Last year I've seen project that used two RPis for somewhat simple industrial automation task. After I pointed out that the whole thing is huge overkill the original author did some optimalizations and redesign which resulted in design that still had two RPis, with one of them being used as one bit 3.3V logic invertor and nothing else.

Needless to say the whole thing was replaced by single ~$20 chinese FX1N clone (which also neatly solved how to drive 24V industrial loads from RPi/Arduino/ESP...).


Could've been probably solved with ATTiny and a breadboard. Even cheaper and even more lo-tech.


For this kind of problem you don't want breadboard. But on the other hand board with ATtiny, 12bit PIC or smallest MSP430 and few relays and optocouplers would solve the problem. And on the griping hand random chinese PLC exists and does not involve few man-days of NRE involved in designing such a thing.


"My problem with using things like the RPi for such simple LED blinking projects is that it contributes to the cult of overengineering that plagues the industry."

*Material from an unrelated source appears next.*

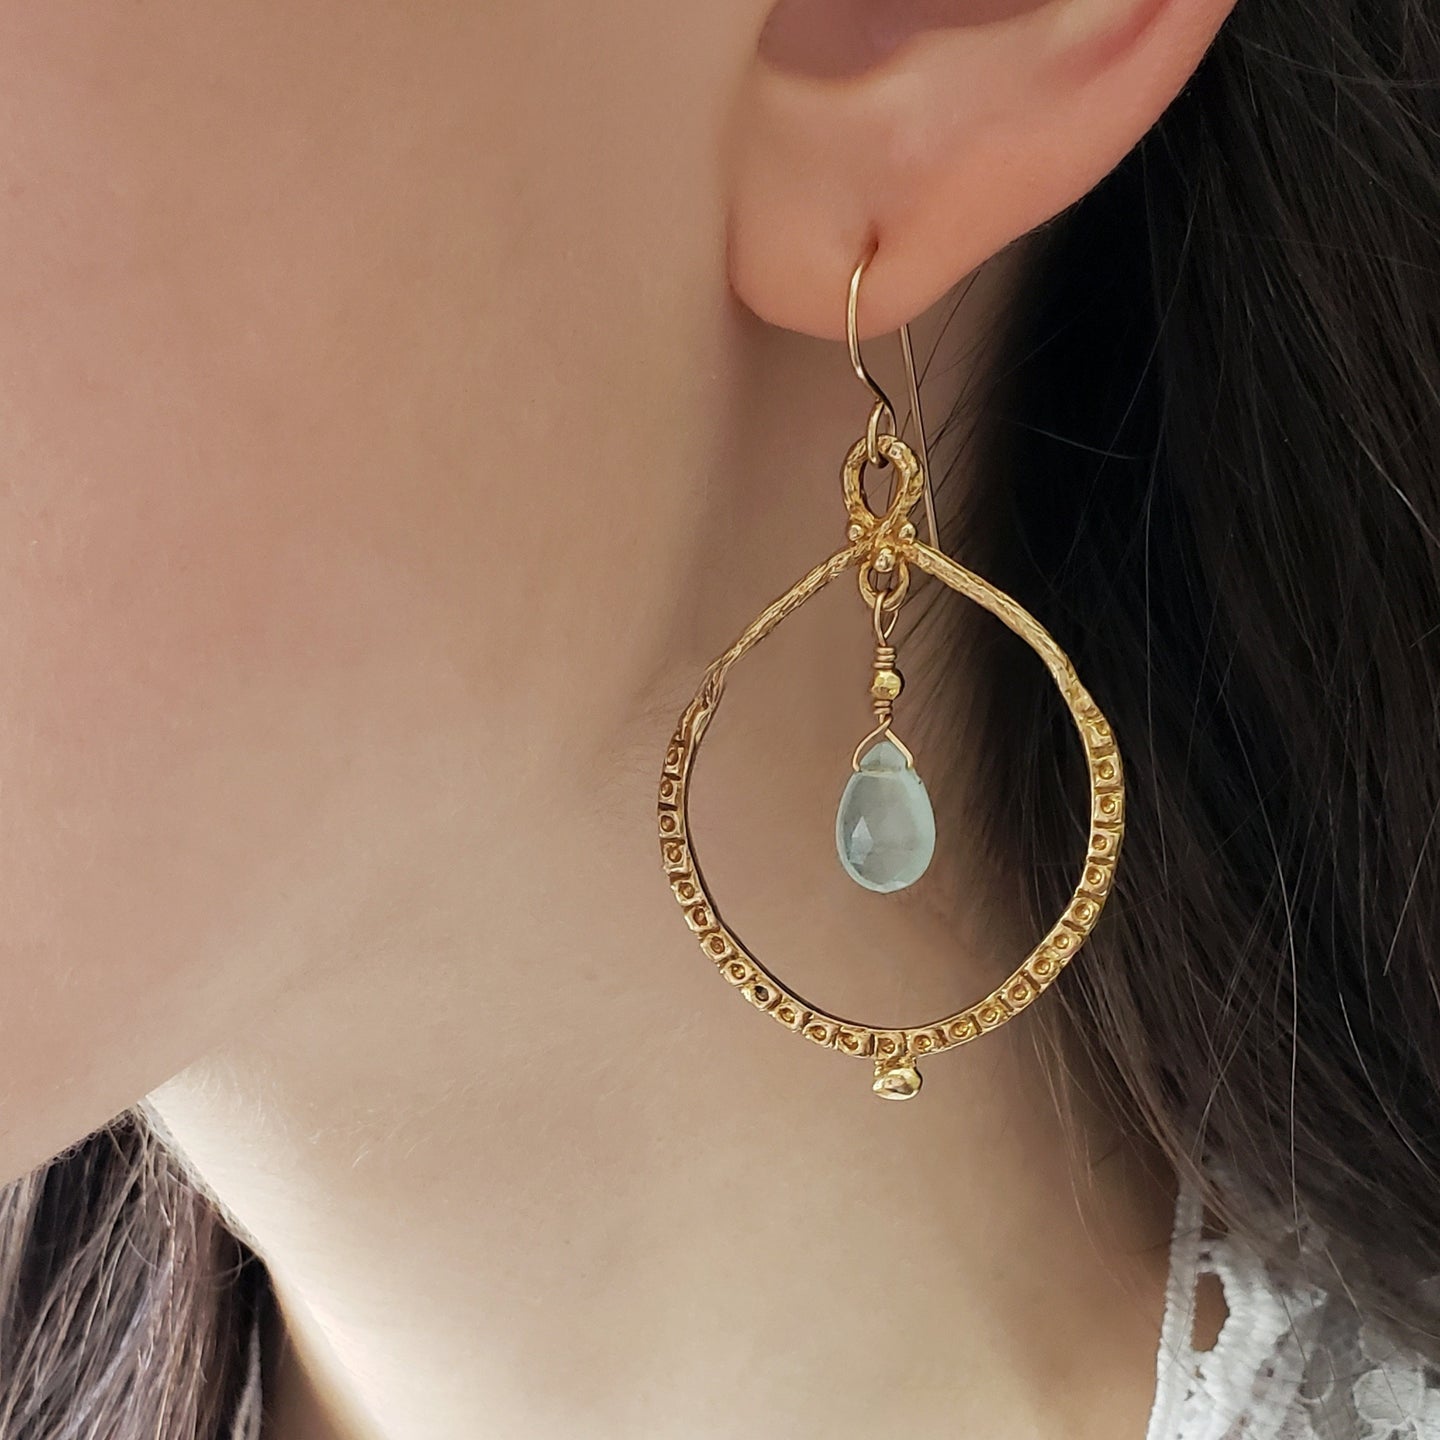 Empress Hoop Earrings in Bronze and Aquamarine

I disagree a bit with you (I do agree that if all the RPi ends up doing is flashing a LED, then that is a waste) You have to start somewhere and if it is flashing a LED with a Pi then cool. The path to ESP32 or ESP8266 is not far away and there is a lot, lot more to discover and play with and learn and frankly have fun with and maybe do something useful or change the world (or a tiny bit of it) with.

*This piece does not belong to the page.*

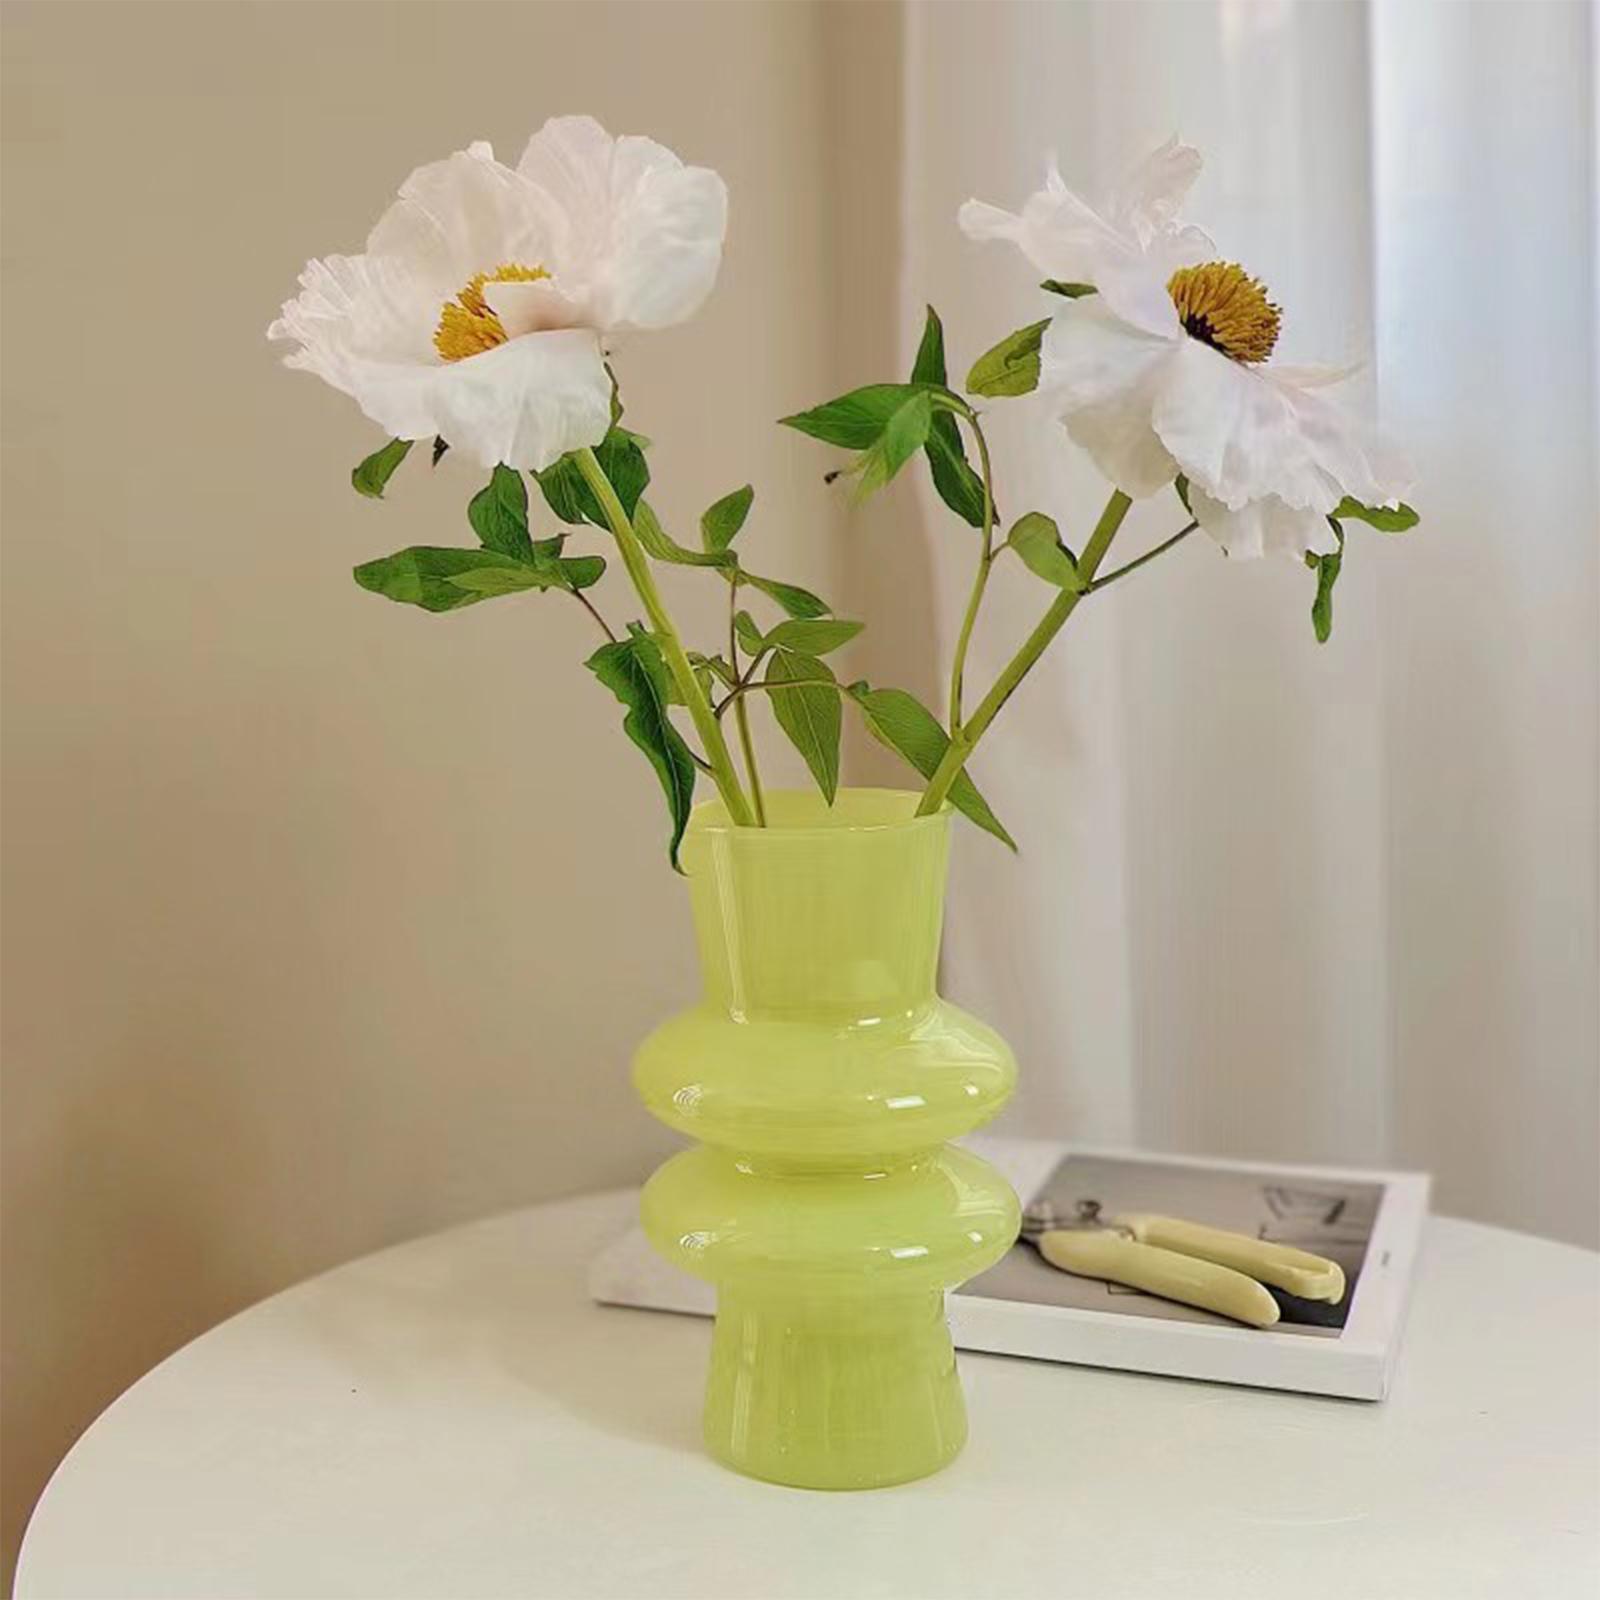 Flower Vase Modern Vase Unique Glass Bottle Flower Vase Modern Vase Decorative Vase Flowers Holder for Bedroom Home Decor

I had some of the best opportunities available to me in IT and electronics and electrics, schools, teachers etc etc etc. but I didn't have today's opportunities. If I was growing up today I think I would probably have started with a Pi and blinked some LEDs.

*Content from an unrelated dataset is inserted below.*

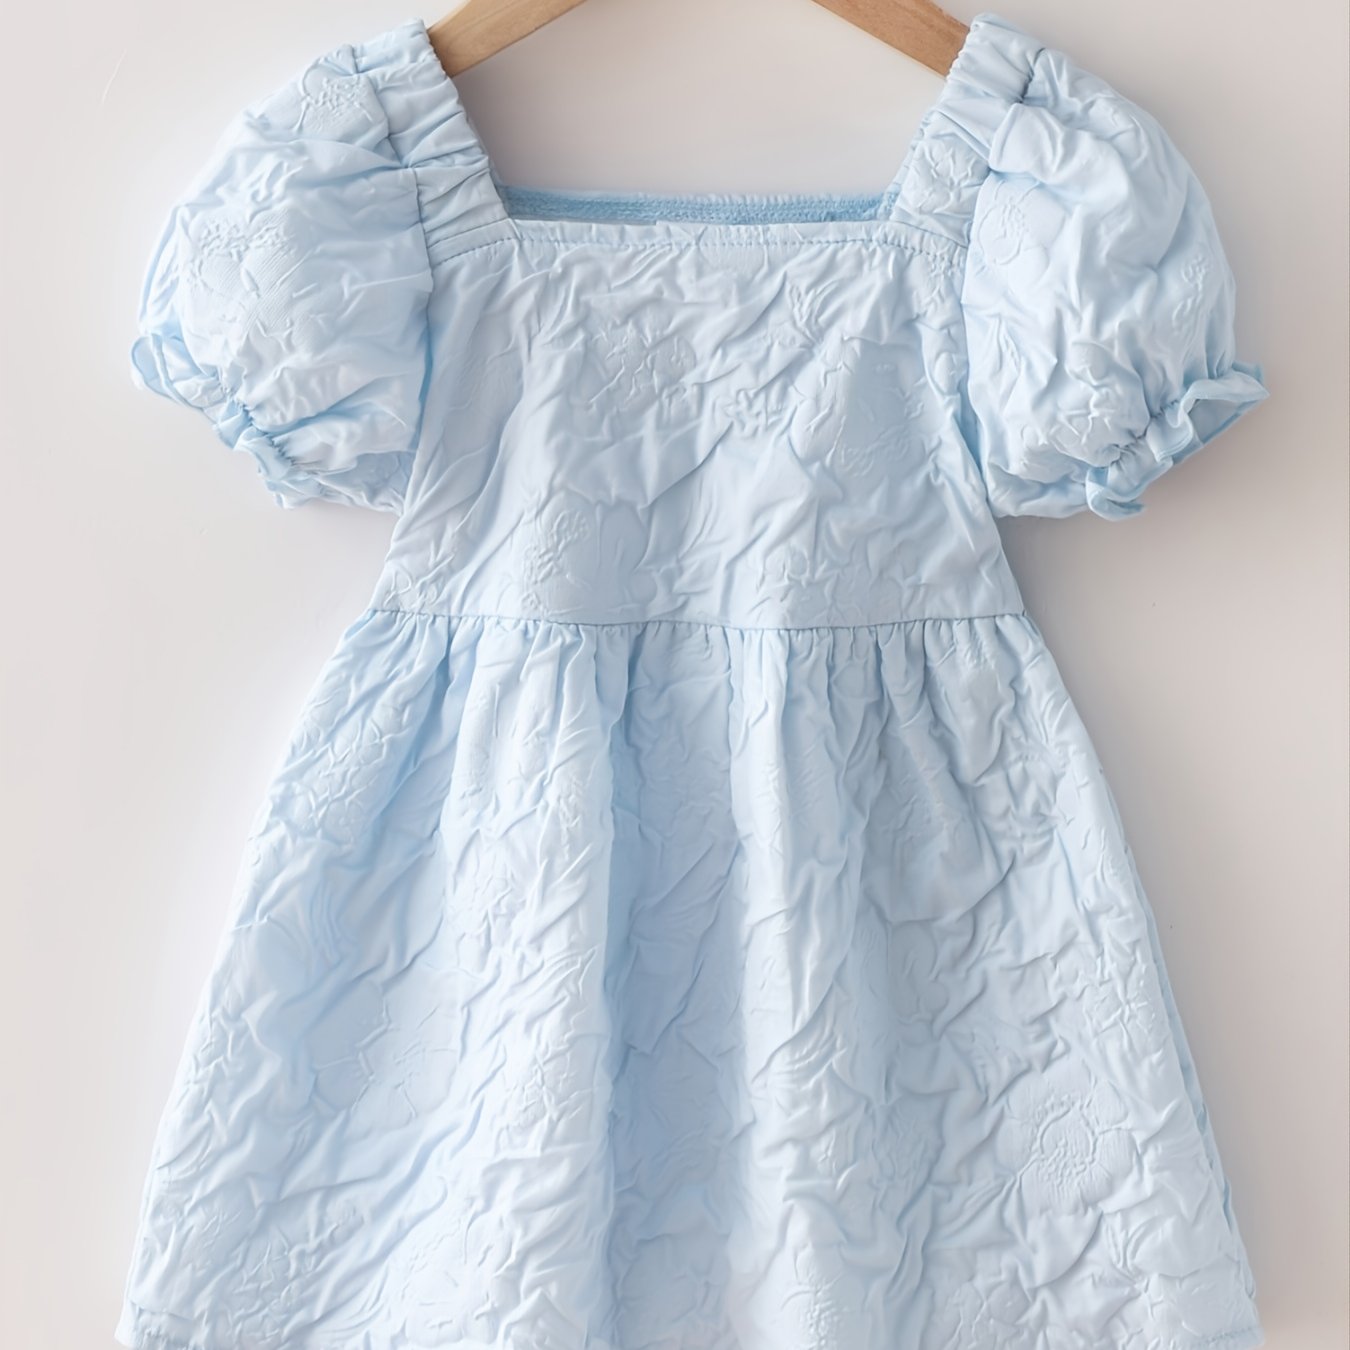 Cute blue Puff Sleeve Dress for Baby Girls

But on the other hand Arduino is still doing just fine for non-networked projects, so it's not all just comically oversized hammers.


I fondly remember the 555, but nowadays it's actually cheaper to use a super-low-end microcontroller.


Gently, friend, the 555's less than 10 cents at Digikey in medium quantities [0]. One of my hardare cow-workers happily placed one on the same board alongside a sub $ ST ARM MCU. Sometimes the 555's still the best option.

[0] https://www.digikey.com/product-detail/en/texas-instruments/...



Disclaimer: I'm not very knowledgeable about DIY electronics and pretty bad with a soldering iron (shaky hands). Regardless I think it's super interesting and cool and thus my question:

I checked that site and "medium quantities" is 5000 of them :) (for a total price of $493). Somewhere on the page it says minimum amount is 2500, but I tried and wasn't able to successfully add that to my cart (only 5000).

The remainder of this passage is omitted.